= Beginning of Section =
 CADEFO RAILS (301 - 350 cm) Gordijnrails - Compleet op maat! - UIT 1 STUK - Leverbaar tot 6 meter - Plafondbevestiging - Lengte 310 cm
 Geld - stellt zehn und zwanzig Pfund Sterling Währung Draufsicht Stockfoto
= End of Section =
= Beginning of Section =
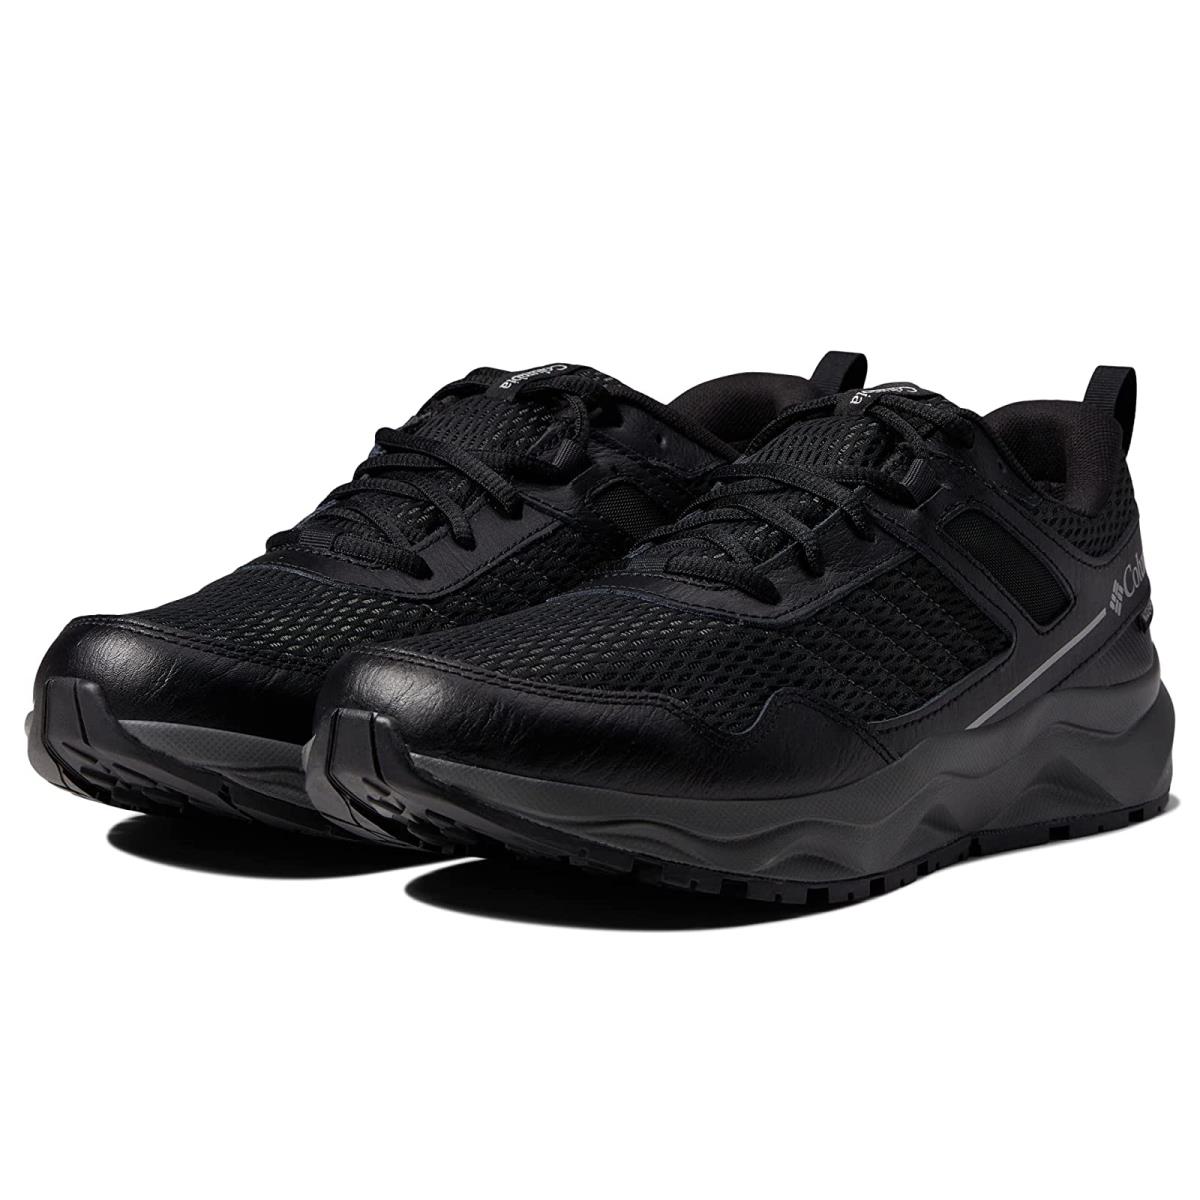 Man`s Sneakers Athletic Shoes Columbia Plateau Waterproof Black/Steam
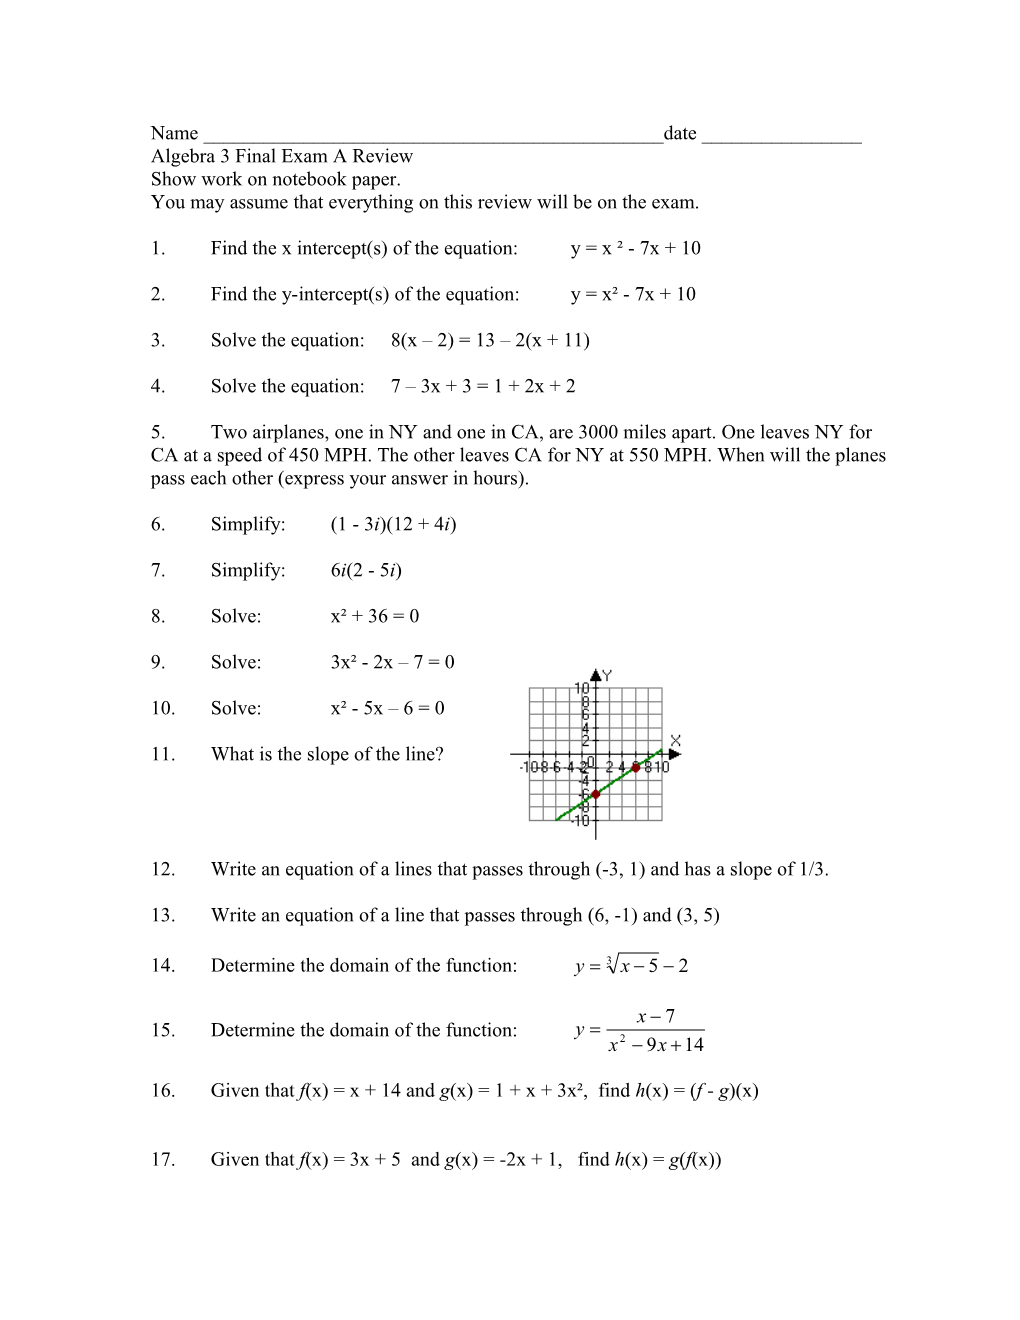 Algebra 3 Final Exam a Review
= End of Section =
= Beginning of Section =
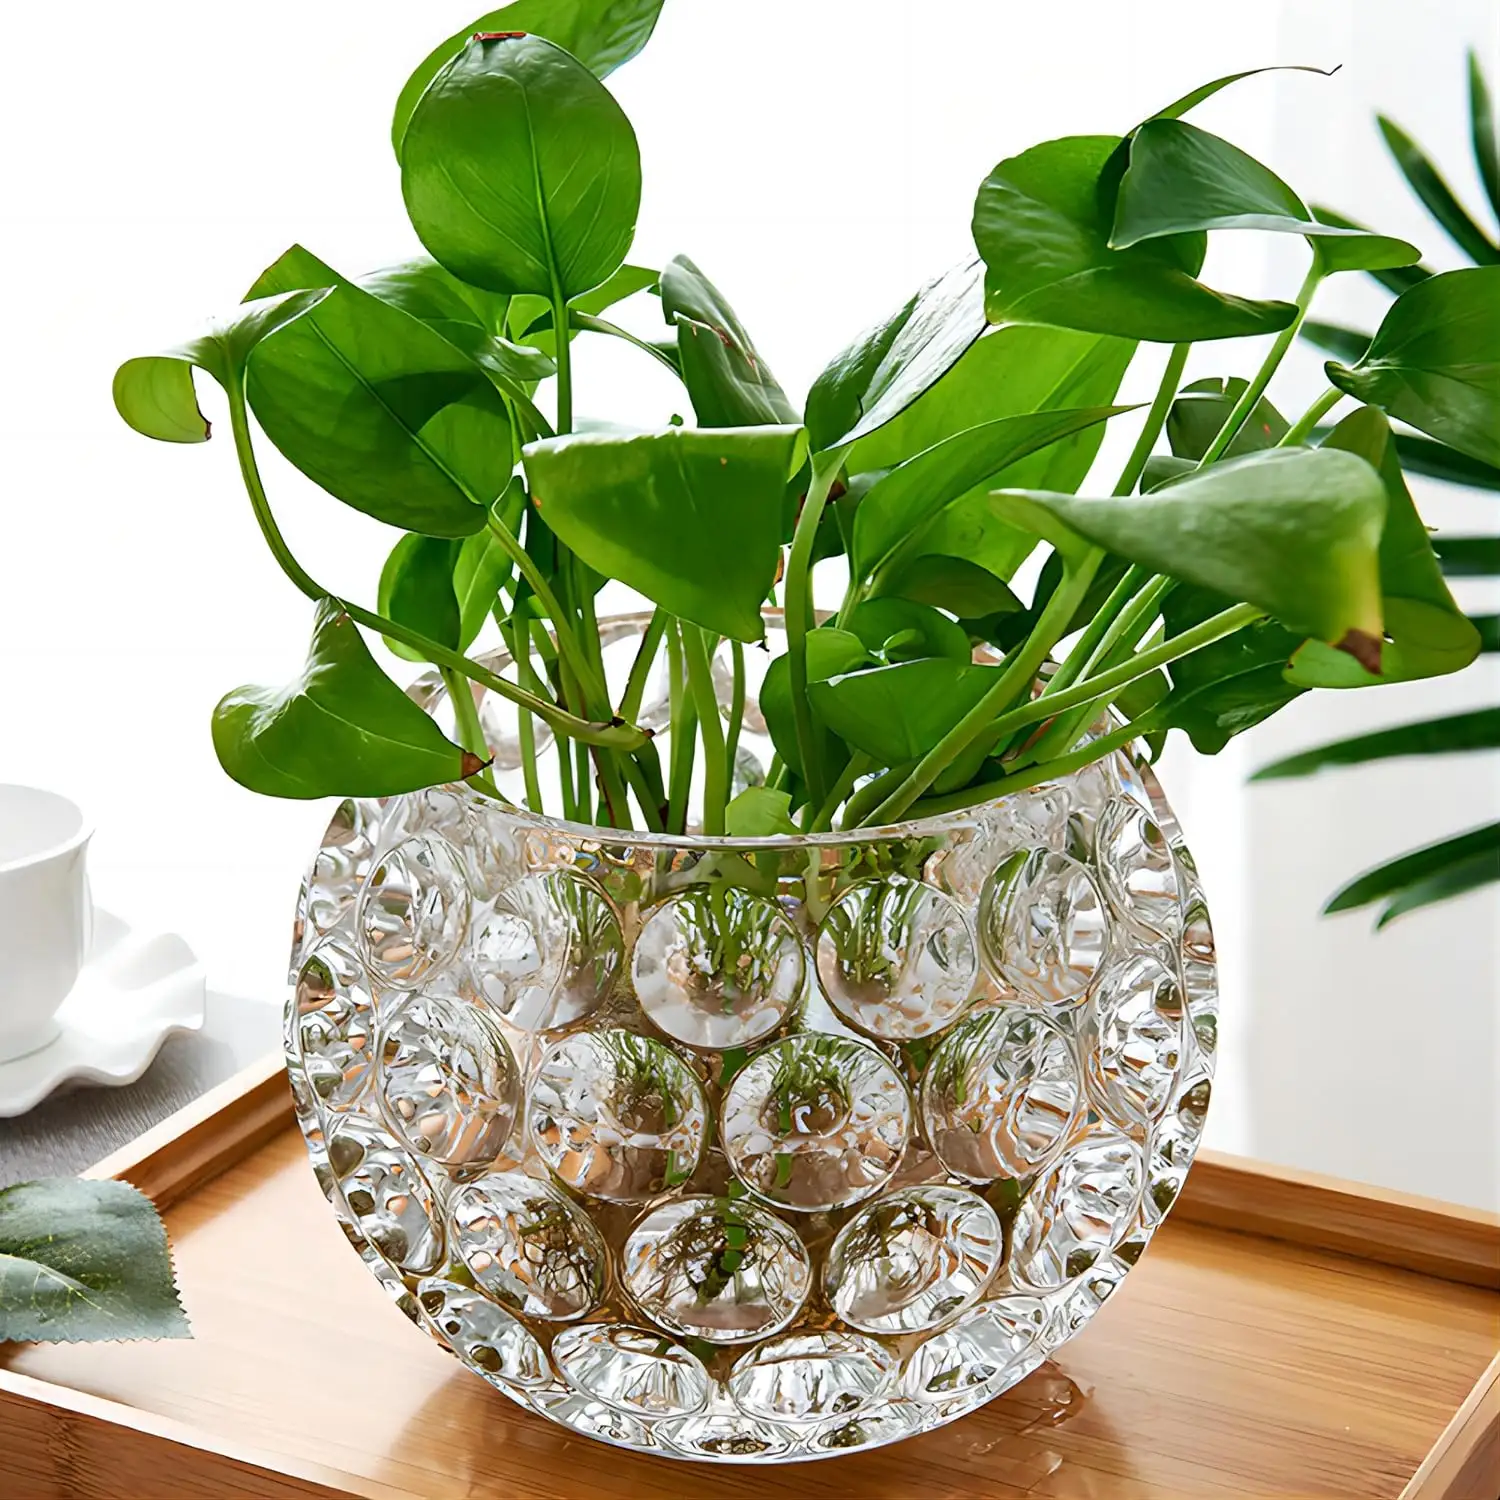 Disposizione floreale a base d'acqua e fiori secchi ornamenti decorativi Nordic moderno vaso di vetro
= End of Section =
- **YOUR INSTRUCTIONS**
Word for word, restate the lines of the listing above starting at the line with "CADEFO RAILS (301" and ending at the line with "Geld - stellt", and nothing outside them.

- **ANSWER SECTION**
 CADEFO RAILS (301 - 350 cm) Gordijnrails - Compleet op maat! - UIT 1 STUK - Leverbaar tot 6 meter - Plafondbevestiging - Lengte 310 cm
 Geld - stellt zehn und zwanzig Pfund Sterling Währung Draufsicht Stockfoto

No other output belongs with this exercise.